8.1-LIMITATIONS OF RESEARCHBroader and long term issues involving foreign portfolio investment in India and their nationwide implications have not been discussed in


this research. Moreover, the analysis is done on the daily stock indices of Bombay stock exchanges Sensitive Index (Sensex) alone which only constitutes thirty major companies of India rather than NIFTY (National stock exchange) which contains hundred major companies of the country. A detailed understanding of FII inflows can help address the questions in a more informed manner allowing a better evaluation of risks and benefits related to the permission of FIIs in the country.

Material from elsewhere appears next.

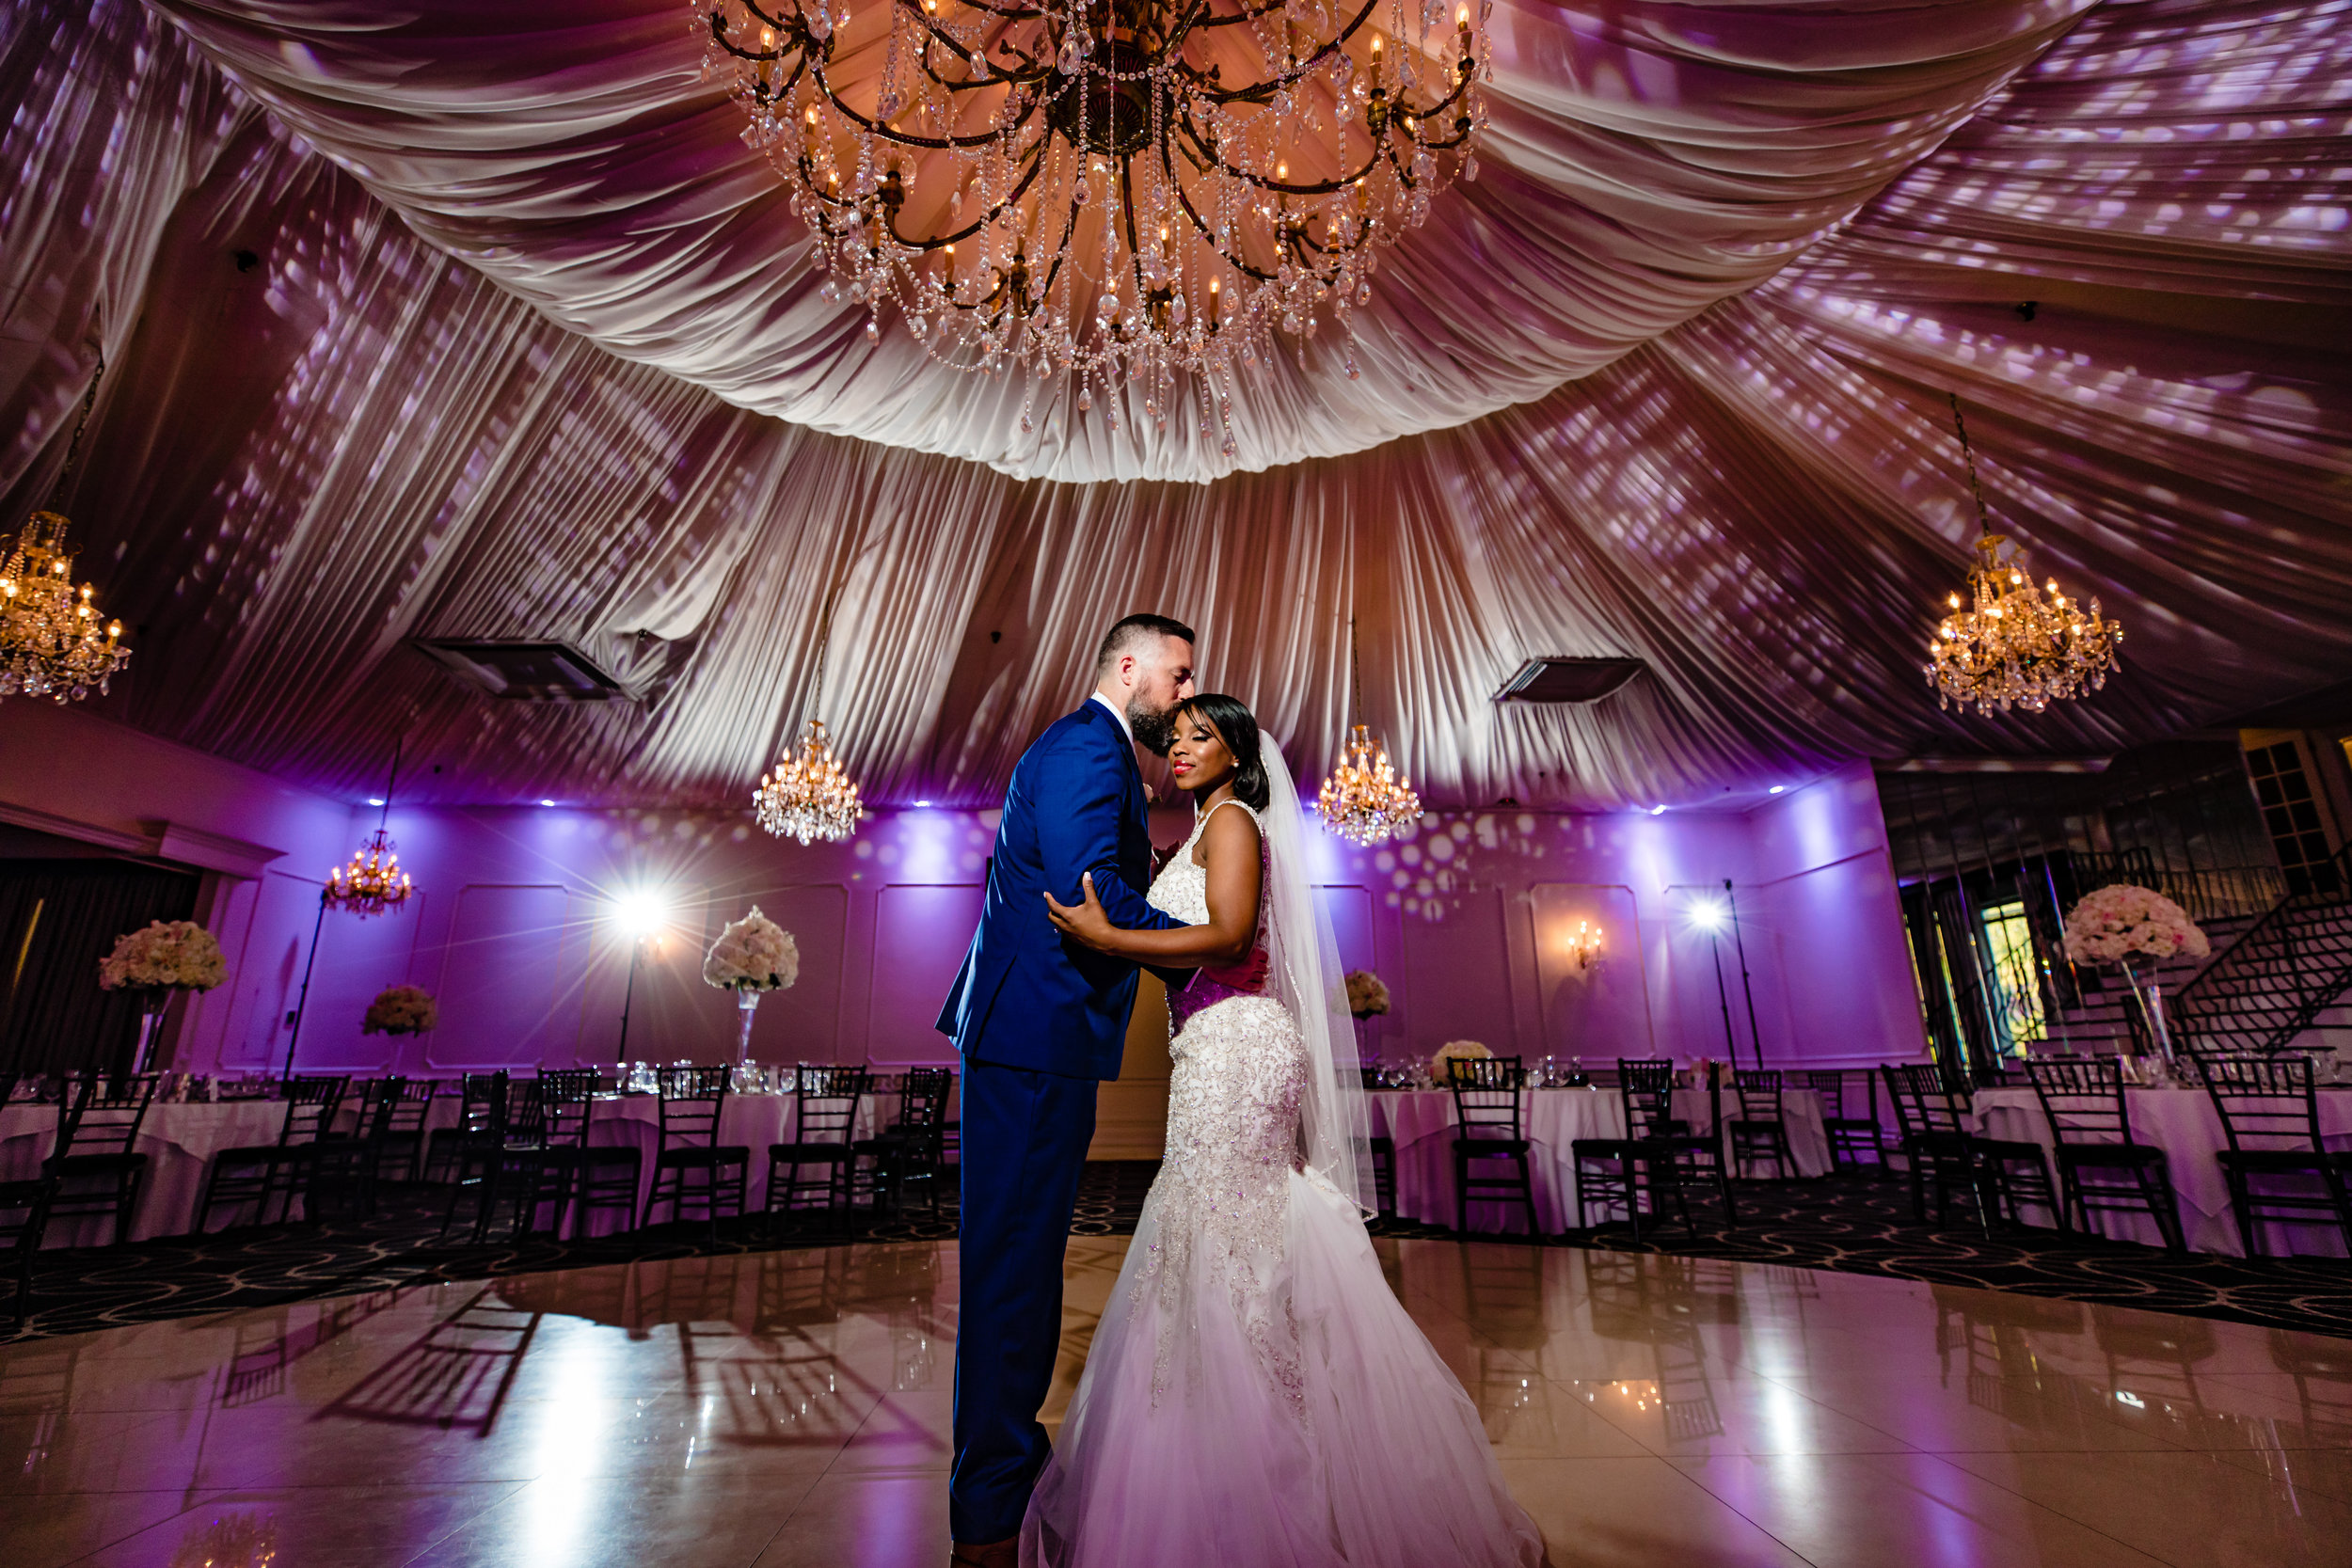 epic ballroom first wedding dance gramercy lakeside manor

This research provides an overview to the opening up of the Indian stock market to the foreign investors and the effects of liberalization on the stock market returns. It also examines the investment behaviour of FIIs and the long term effect of foreign inflow on the development of the stock market and the economy as a whole. But a more detailed study using the daily data of stock returns as well as the transactions of FIIs at stock market levels (for both Bombay stock exchange and National stock exchange) can help in tackling the questions related to the herding and positive feedback trading behaviour of the FIIs. The extent to which the participation of FIIs in


Indian markets has helped in reducing the cost of equity capital to the industries of India is also an important matter to investigate.